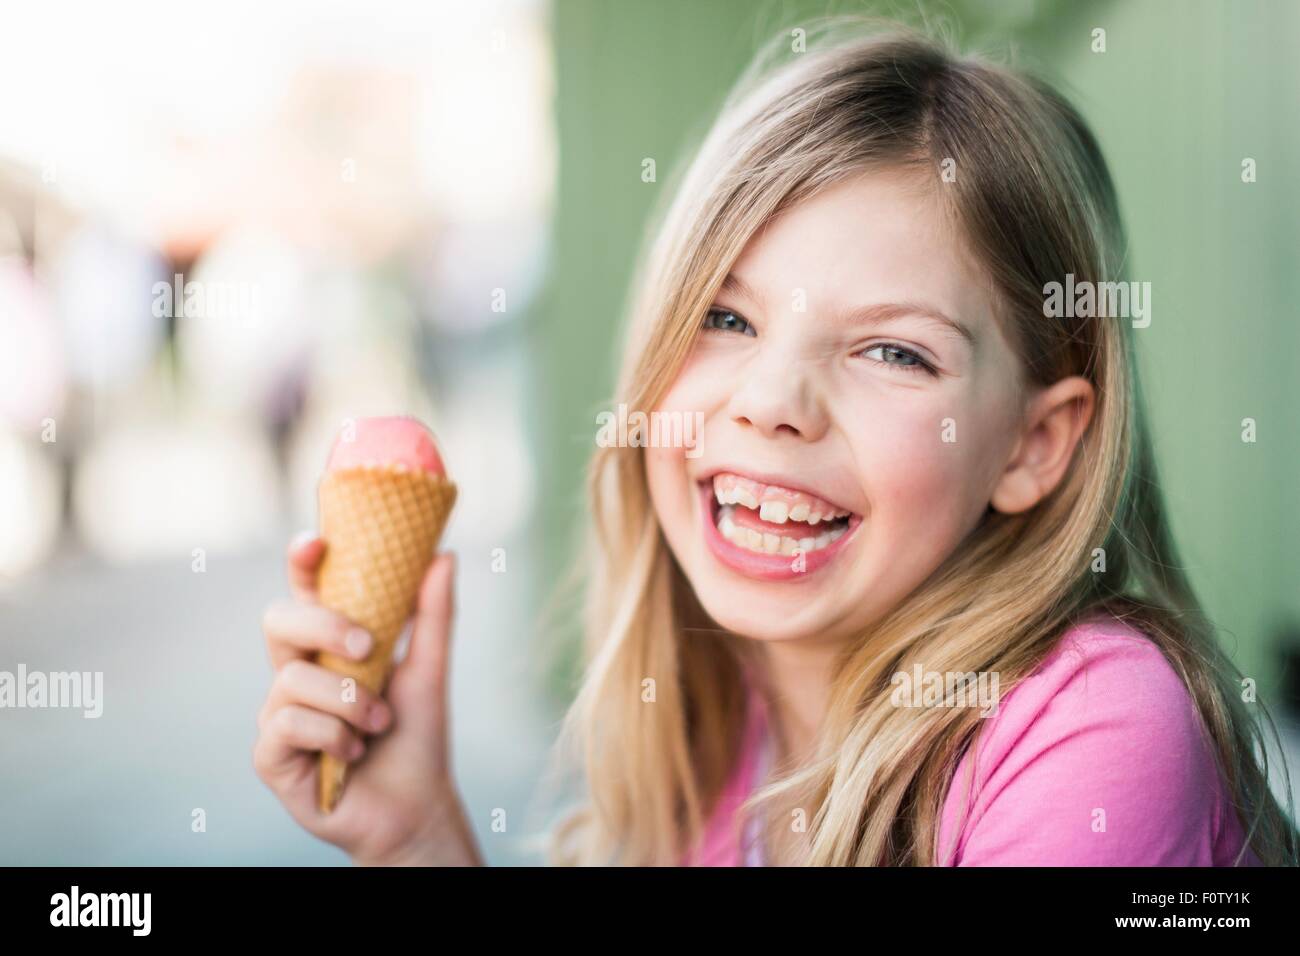 Portrait of young girl eating icecream Banque D'Images
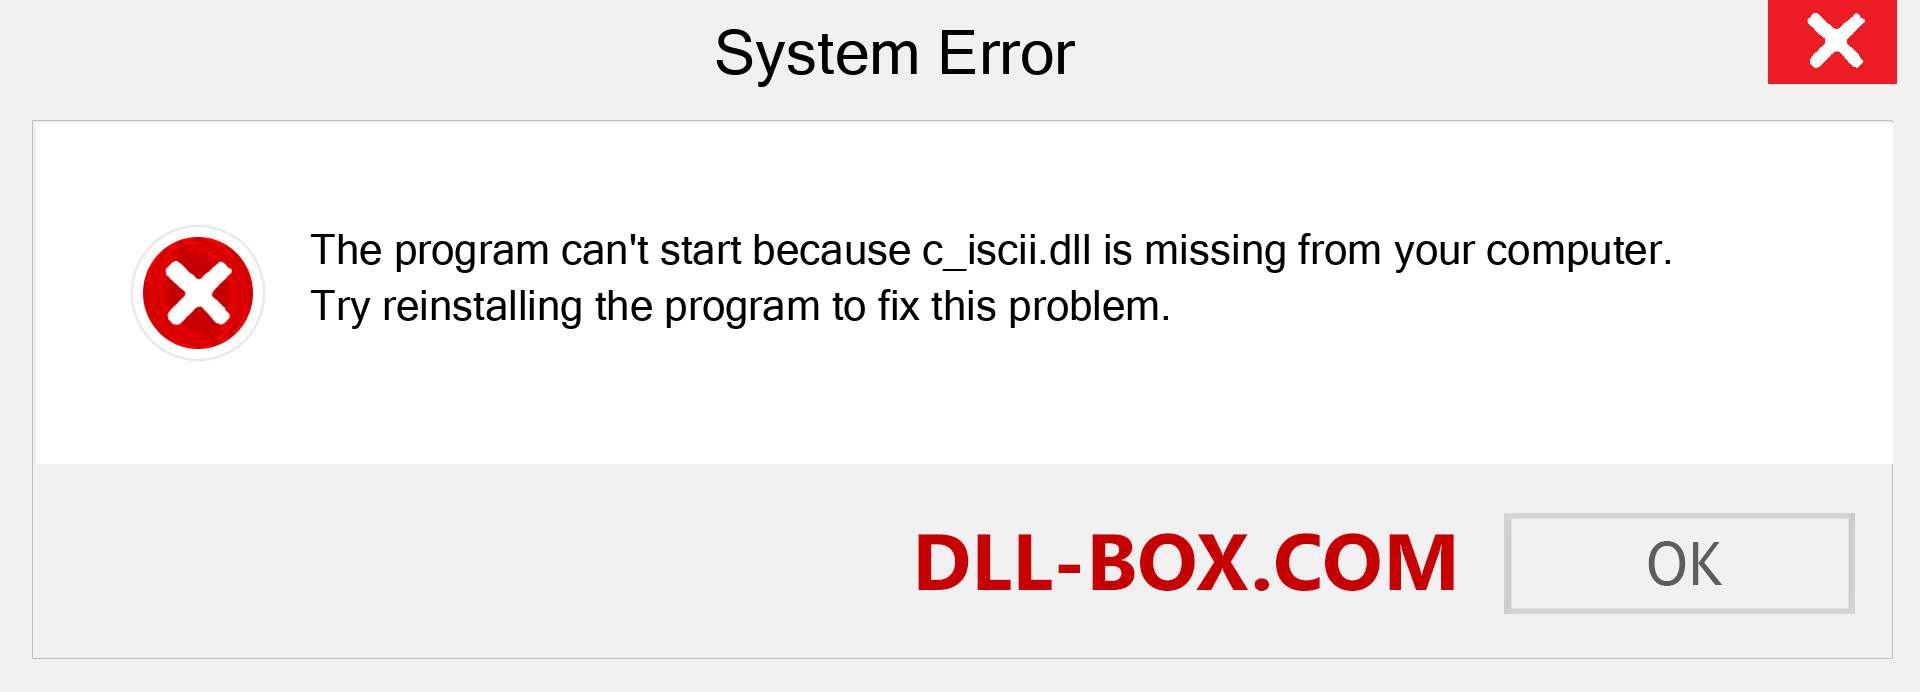  c_iscii.dll file is missing?. Download for Windows 7, 8, 10 - Fix  c_iscii dll Missing Error on Windows, photos, images
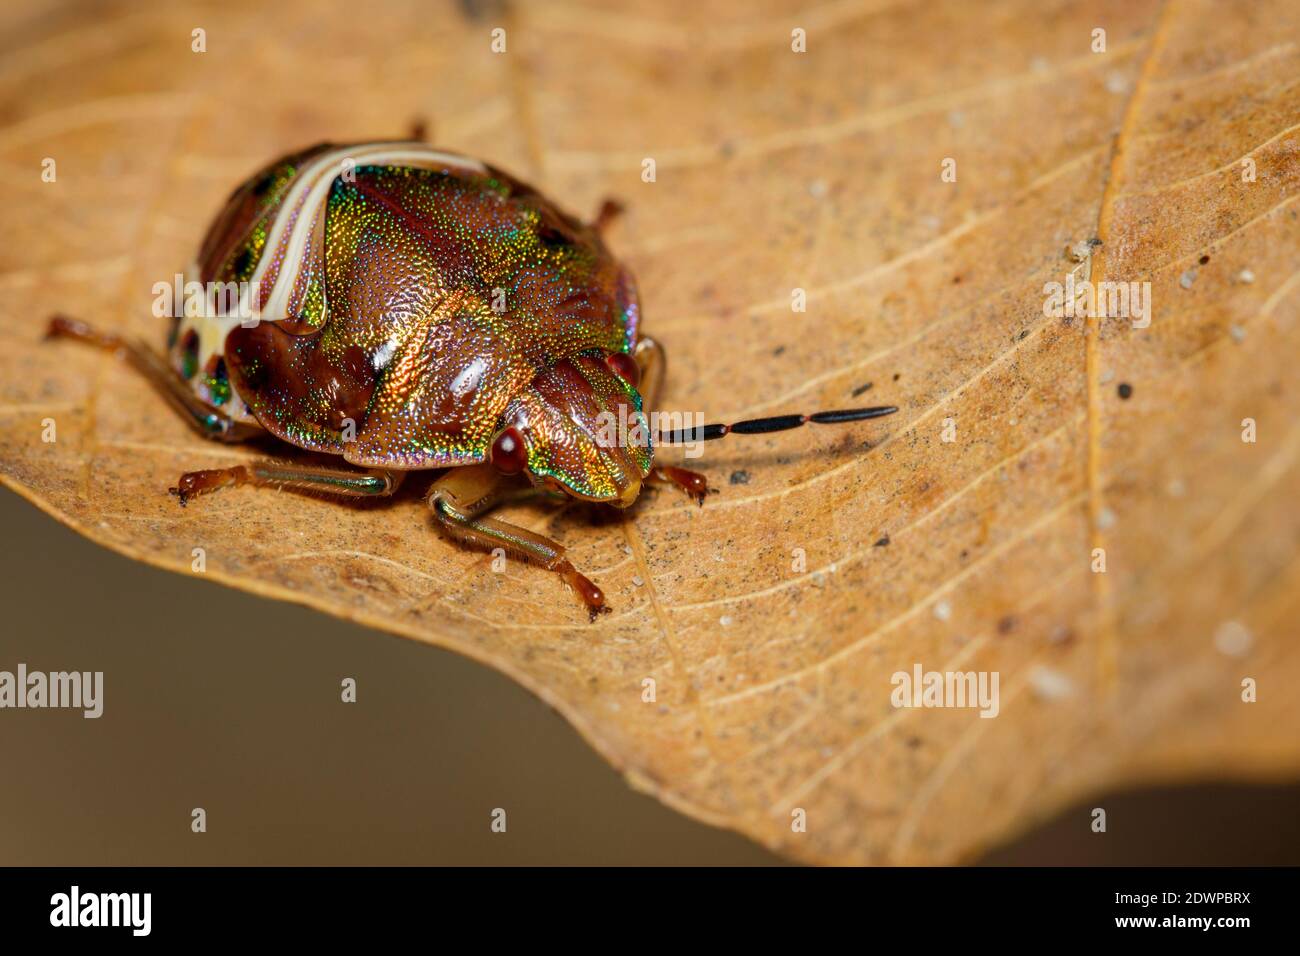 Image of beetle ladybird (Hippodamia variegata) on a brown leaf. Insect.  Animal. Stock Photo
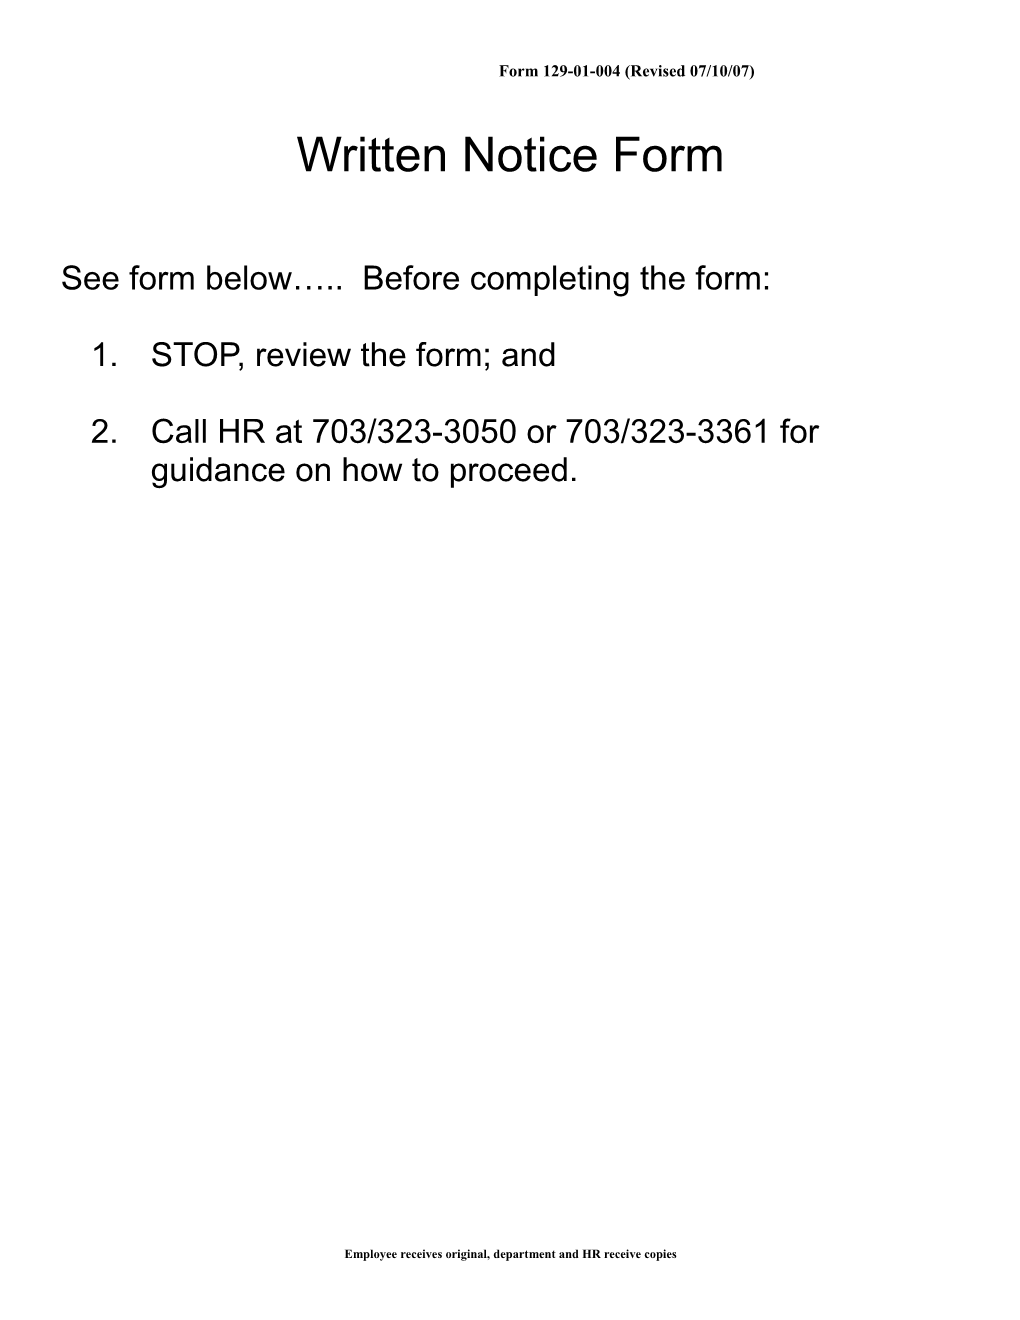 See Form Below Before Completing the Form
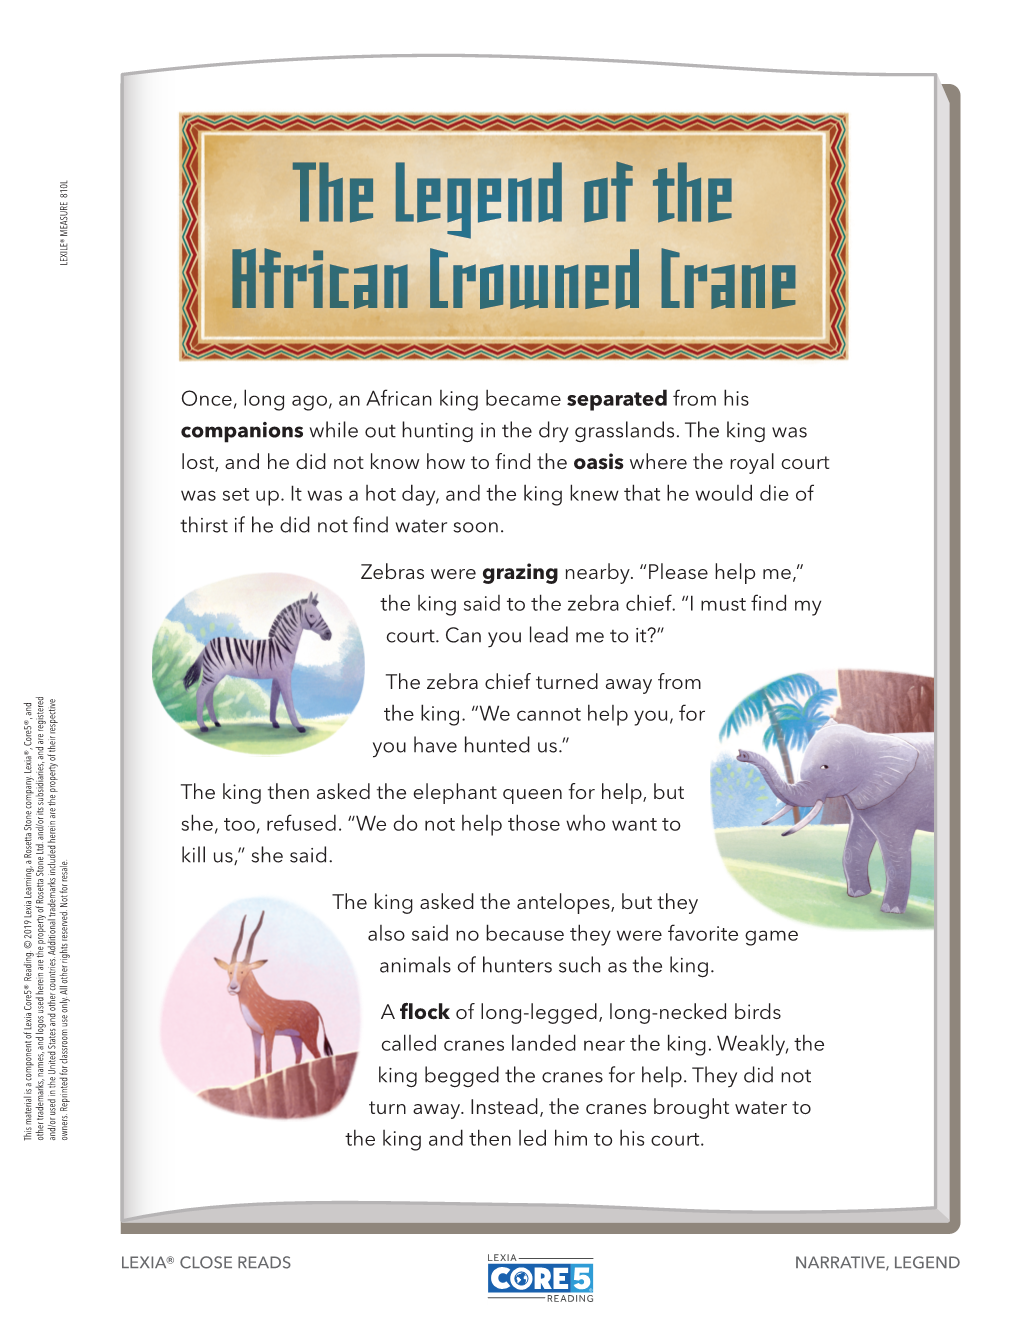 The Legend of the African Crowned Crane

> The problem: All of the lines above should be retyped precisely, apart from the pictures.

> Written response:
 Portrait of young girl eating icecream Banque D'Images
  c_iscii.dll file is missing?. Download for Windows 7, 8, 10 - Fix  c_iscii dll Missing Error on Windows, photos, images
 Image of beetle ladybird (Hippodamia variegata) on a brown leaf. Insect.  Animal. Stock Photo
 See Form Below Before Completing the Form
 The Legend of the African Crowned Crane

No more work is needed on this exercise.